Without this uncaused ground of existence, the entire chain of being would have nothing to rest upon and could never persist.
The Kuzari Principle and the Singularity of Jewish History
But we are not left with an abstract First Cause. Rabbi Yehuda Halevi, in The Kuzari, advances the discussion with the Kuzari Principle. Unlike religions founded on private revelations to a single individual, Judaism rests on a public, national revelation at Mount Sinai—witnessed by an entire people and transmitted as living family history. A fabricated national story of this magnitude would have been rejected by later generations.
This same principle illuminates the Jewish historical experience. As recently demonstrated in these pages in How a Singularity in 1948 Ended the Secular Enlightenment and The Singularity of Singularities: From Global Totalism to Hashem Echad, the rebirth of Israel and the miraculous survival of the Jewish people defy every purely secular, mechanistic explanation of history.

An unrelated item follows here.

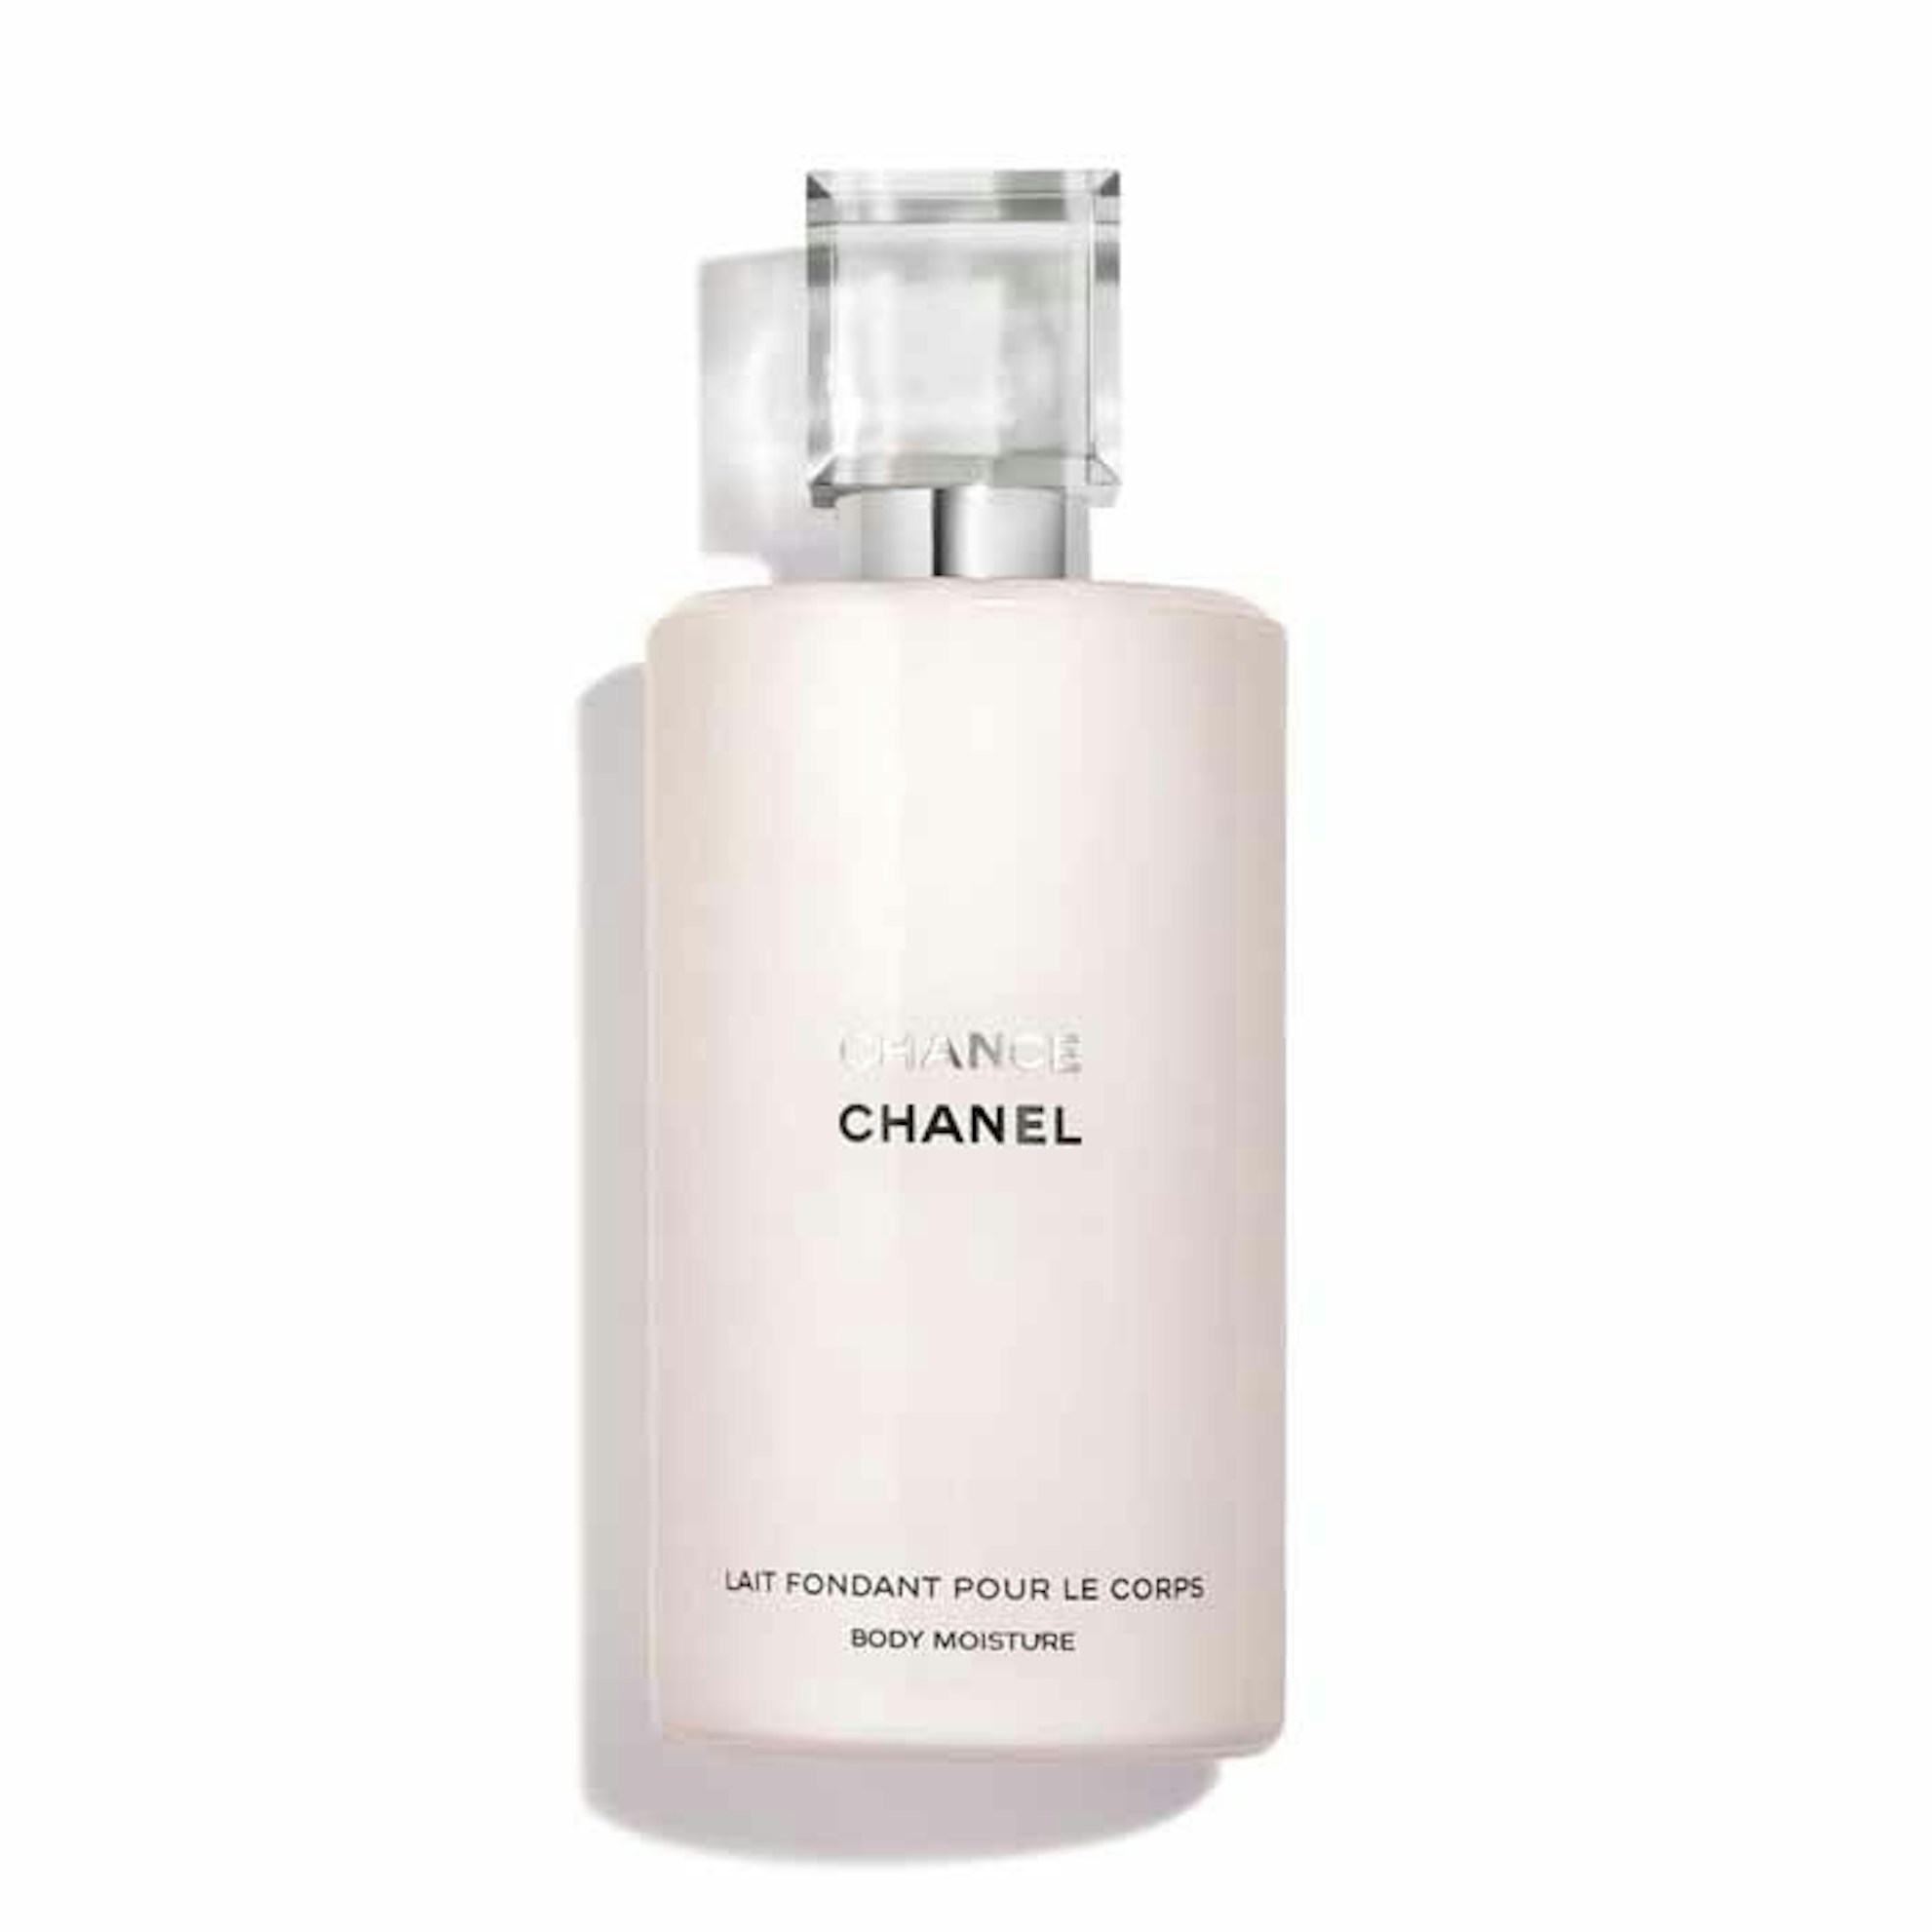 CHANEL Body Moisture 200ml | The Fragrance Shop

Like the “protected” chicken, the Jewish people should not, by natural law, have endured the predators of exile—yet we did.
Continuous Creation: The Teaching of the Tanya
The Tanya, in its second section Shaar haYichud v’haEmunah by Rabbi Schneur Zalman of Liadi, supplies the metaphysical mechanics. Creation is not a one-time event in the distant past. Every existent thing is continuously recreated yesh me’ayin (something from nothing) by G-d’s life-giving “speech.”
Were that Divine energy to withdraw for even an instant, the chicken, the predator, and the entire universe would instantly revert to absolute nothingness.
What we call the laws of nature are therefore not independent mechanisms—they are the ongoing expression of G-d’s will.
Hashgacha Pratit and Simple Faith
This brings us to the heart of the matter: hashgacha pratit—personal Divine Providence. The teachings of Rebbe Nachman of Breslov and his foremost disciple Rav Nosson of Breslov insist there are no “blind” mechanistic laws operating on their own. What appears to us as nature is merely a garment for the purposeful, volitional Will of the Creator.
Every movement in the chicken coop and every turn in Jewish history is under direct Divine supervision, orchestrated for ultimate spiritual rectification. Rebbe Nachman calls us to emunah peshutah—simple, pure faith—that sees beyond the limits of intellect.
A Daily Reminder in Our Diet
It is no coincidence that the Torah permits us to eat only certain animals—such as the chicken—that, like the Jewish people themselves, generally cannot survive in the wild without protection. Our very diet becomes a daily reminder of total dependence on the safeguarding hand of the Almighty.
The only logical conclusion that fully accounts for the persistence of the system—without tautology, without smuggling in unexplained “balance,” and without leaving contradictions unresolved—is a volitional Creator who continuously sustains, directs, and infuses purpose into all of creation.
Torah does not merely add mysticism; it demonstrates that anything less than this volitional, personal G-d renders both nature and Jewish history incoherent.
Emunah is not anti-reason—it is what remains when reason has done its utmost and still points beyond itself.